### WHAT IS BEING ASKED
When you find the line with "Auto LED Innenlichtstreifen,Acryl" among the records below, reproduce it and each line after it exactly, ending with the line with "Weir avec une".

### DATA EXTRACT
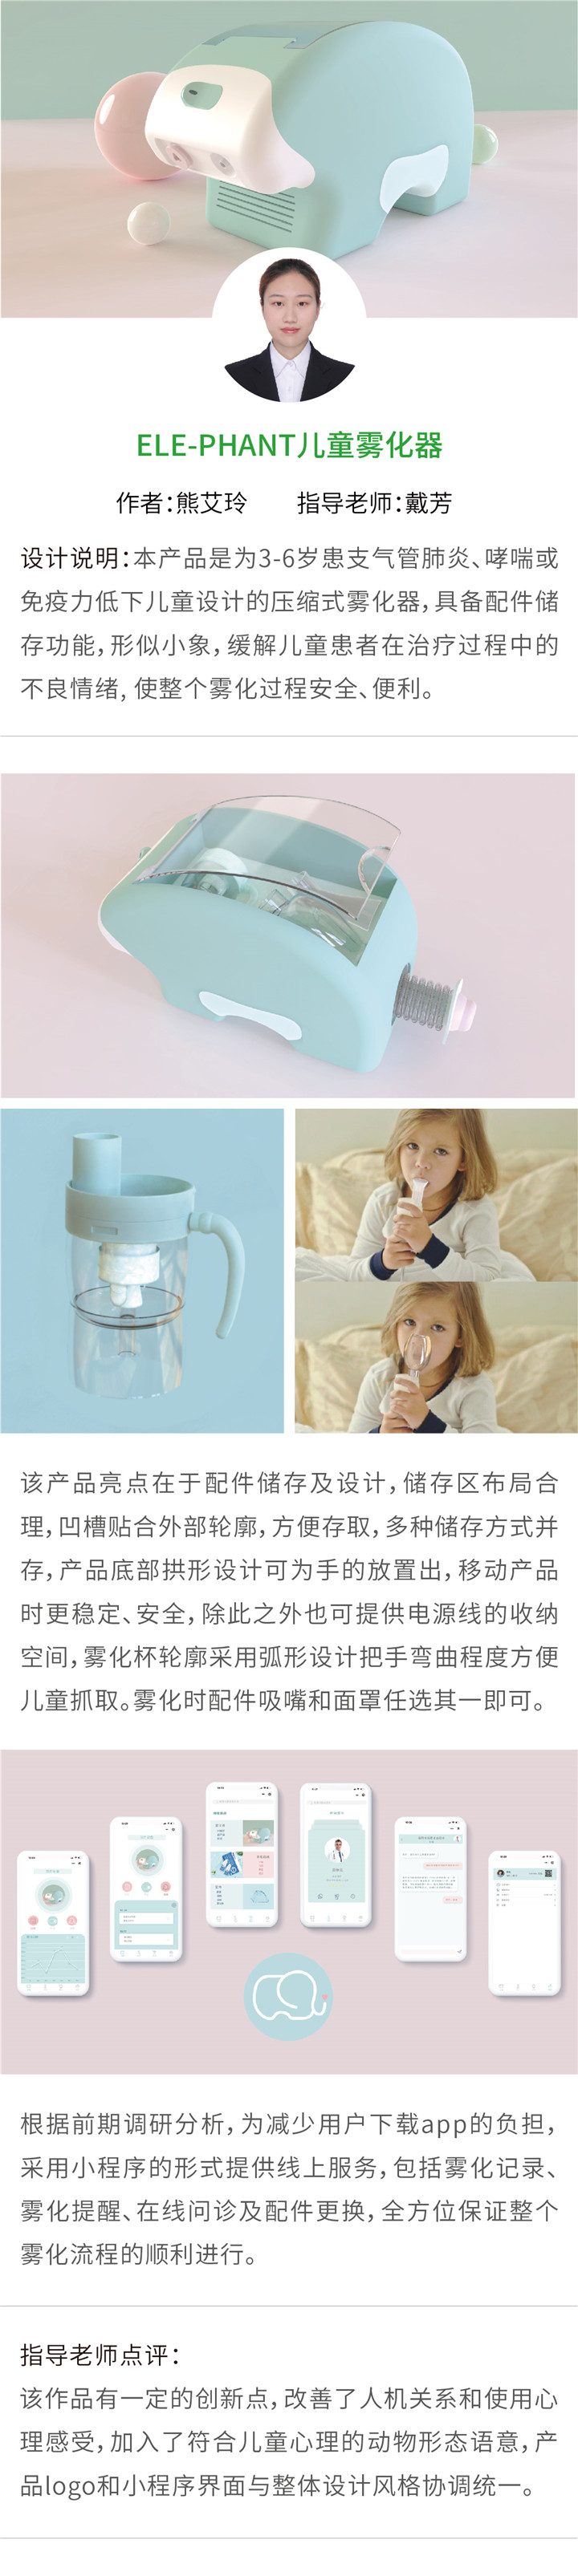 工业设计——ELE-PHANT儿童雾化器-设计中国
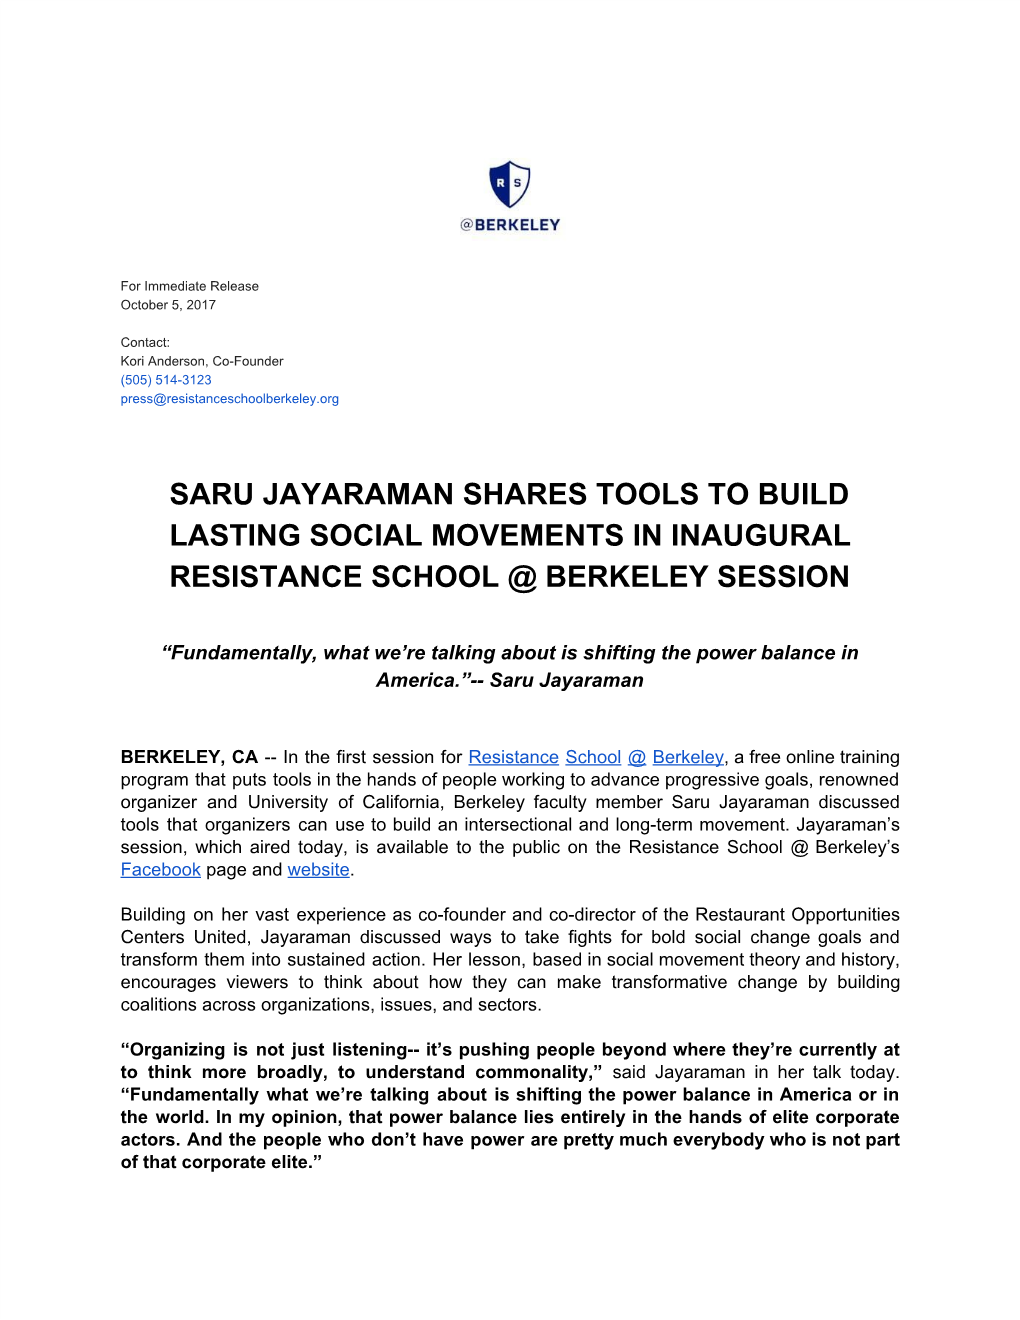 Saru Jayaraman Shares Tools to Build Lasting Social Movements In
--
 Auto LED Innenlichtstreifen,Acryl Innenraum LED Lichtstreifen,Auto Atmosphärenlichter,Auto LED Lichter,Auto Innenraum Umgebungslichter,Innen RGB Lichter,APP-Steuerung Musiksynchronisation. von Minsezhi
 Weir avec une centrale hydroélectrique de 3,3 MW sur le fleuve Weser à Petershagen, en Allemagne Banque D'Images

### YOUR RESPONSE
 Auto LED Innenlichtstreifen,Acryl Innenraum LED Lichtstreifen,Auto Atmosphärenlichter,Auto LED Lichter,Auto Innenraum Umgebungslichter,Innen RGB Lichter,APP-Steuerung Musiksynchronisation. von Minsezhi
 Weir avec une centrale hydroélectrique de 3,3 MW sur le fleuve Weser à Petershagen, en Allemagne Banque D'Images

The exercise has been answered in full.